If Reform get any seats they will be a thorn in the side of the new Administration and a constant reminder to Joe Public that there is an alternative.Farage was spectacularly effective at constantly poking the EU and calling out their failings. and I suspect he will revel in it-plus it will be an easy target as even without an effective opposition Labour’s “popularity” will tank steeply in the first 2-3 years as the demos realise that they hav eno solutions and in fact are making the situation worse.

David McKee
David McKee
2 months ago

Reform? A thorn in Labour’s side? You’re kidding! It will have even less impact on Labour than Caroline Lucas did.

Lancashire Lad
Lancashire Lad
2 months ago
Reply to  David McKee

It’s not the impact on Labour that Reform MPs – or even just Farage – will have, but the impression on the general public that the trenchant criticisms of where Labour are (inevitably) failing.

As Pedro indicated, Farage’s presence in the European parliament was ascerbic enough for his absence to be just about the only positive the EU could derive from Brexit.

Citizen Diversity
Citizen Diversity
2 months ago

Jim, voting like playing in a seaside Bingo hall.
Broadstairs, the place where the cuts have reached the flower beds on the seafront, but not in the sense of cutting the weeds.

Matthew Freedman
Matthew Freedman
2 months ago

That is right and reform think there should be more tax cuts and public spending cuts = no plants in the beds.

j watson
j watson
2 months ago

Interesting. Alot of folks vote on an instinct – on assumption they vote – rather than a logical weighing up of differing manifestos. Sense from this Article is what seems to be coming across nationally – no matter how hard Tories and the Right tried to smear Starmer not much has stuck. He’s no charismatic leader, but folks subconsciously I would contend don’t want that type of leader now.
In addition folks just have a sense unfairness has increased. Many will see migration as a big component behind that, but they know the Right isn’t about to try and repair the damage to the Public realm it’s inflicted and they know Farage wouldn’t either.

JR Stoker
JR Stoker
2 months ago
Reply to  j watson

Very well thought through. Starmer may turn out to be Corbyn’s Trojan Horse, but more likely he is truly a boring quite nice technocrat, and that is what most people want at this moment. Boris has really let us down. Farage is an amusing flyby.

Amelia Melkinthorpe
Amelia Melkinthorpe
2 months ago
Reply to  JR Stoker

Starmer is a Trotskyite progressive. BE WARNED.

JR Stoker
JR Stoker
2 months ago

I doubt it, but those who live longest will see t’most.
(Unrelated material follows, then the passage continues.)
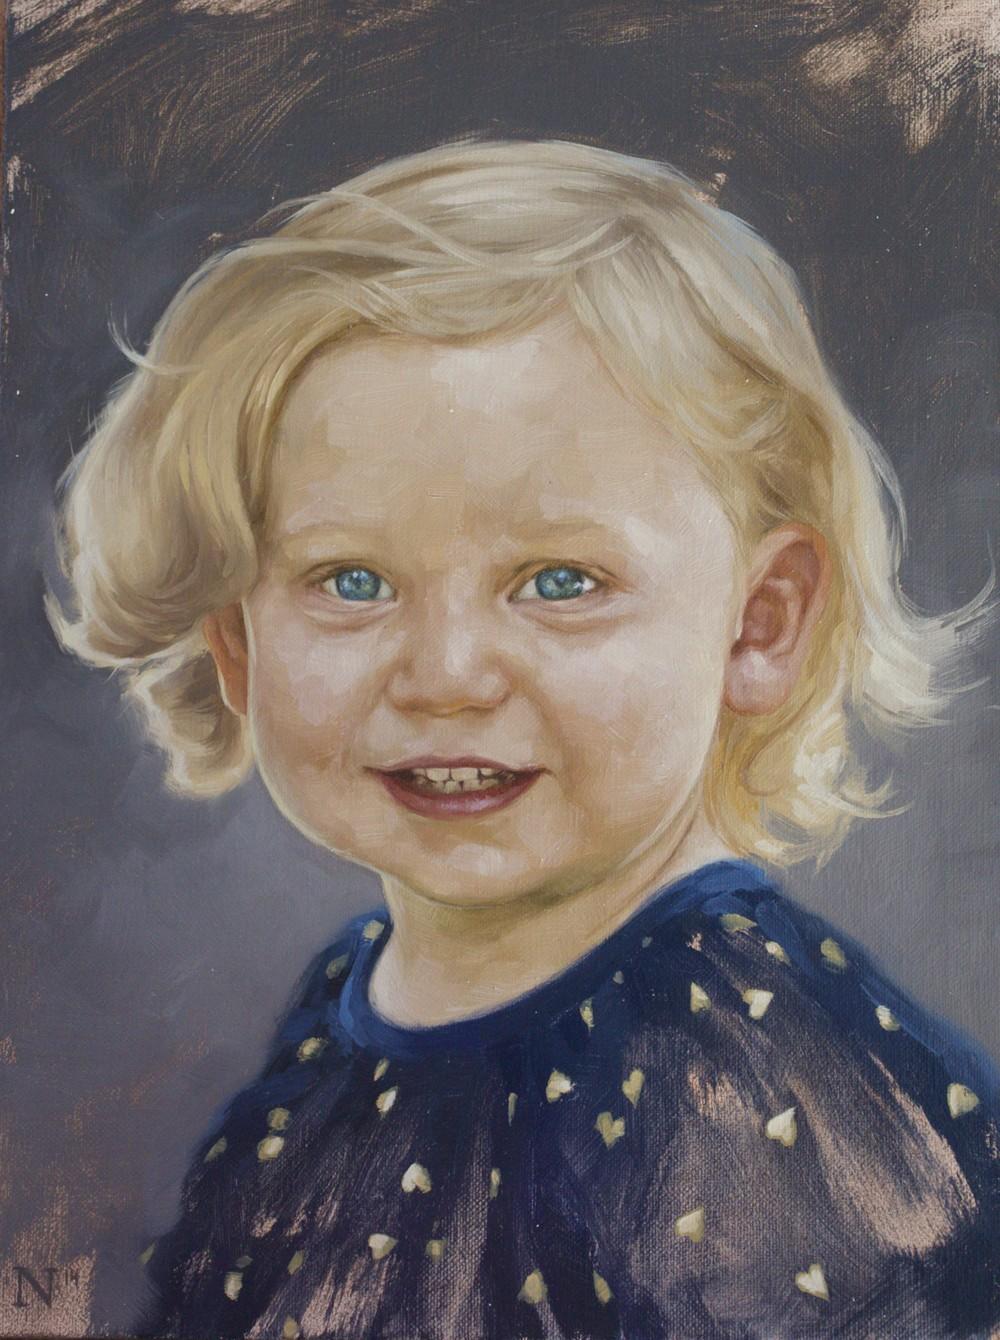 Paley 2yr Portrait by Aaron Nagel

He showed no sign of it until it became expedient to support Old Mad Corbyn. We must all do what we must to thrive.

Bob Rowlands
Bob Rowlands
2 months ago

Interesting comments but they miss the essential point. There is nothing much between Cons & Labour in policy terms (left of centre blob liberal policies). Reform is a once in a lifetime opportunity to move the dial back to the right of centre. The cons will never be this bad again! Europe is moving in the direction of the populists we are just too stupid here to recognise it yet.

Andrew Fisher
Andrew Fisher
2 months ago
Reply to  Bob Rowlands

Your point is at least modified, if not completely refuted by the article. not everybody is moving to the right wing populists quite clearly either in France or in this country.

Santiago Excilio
Santiago Excilio
2 months ago

We all have our anecdotal evidence of this or that. I have heard numerous stories from pubs across the land of former red or blue tribalists switching to reform, or of people saying “eveyone I know is going to vote (this way, that way, the other way)”.

The reality is you cannot call elections on small isolated samples, moreover in this election 3 in 10 had still not decided which way to vote until today. That is a huge variable.

We will find out tomorrow.

Matthew Freedman
Matthew Freedman
2 months ago

Jim if you are worried about immigration get a job then

Kat L
Kat L
2 months ago

I don’t mean to be insulting but they really don’t know what a pack of weasels labour is? Tony Blair started this flood. Starmer will be an unmitigated disaster.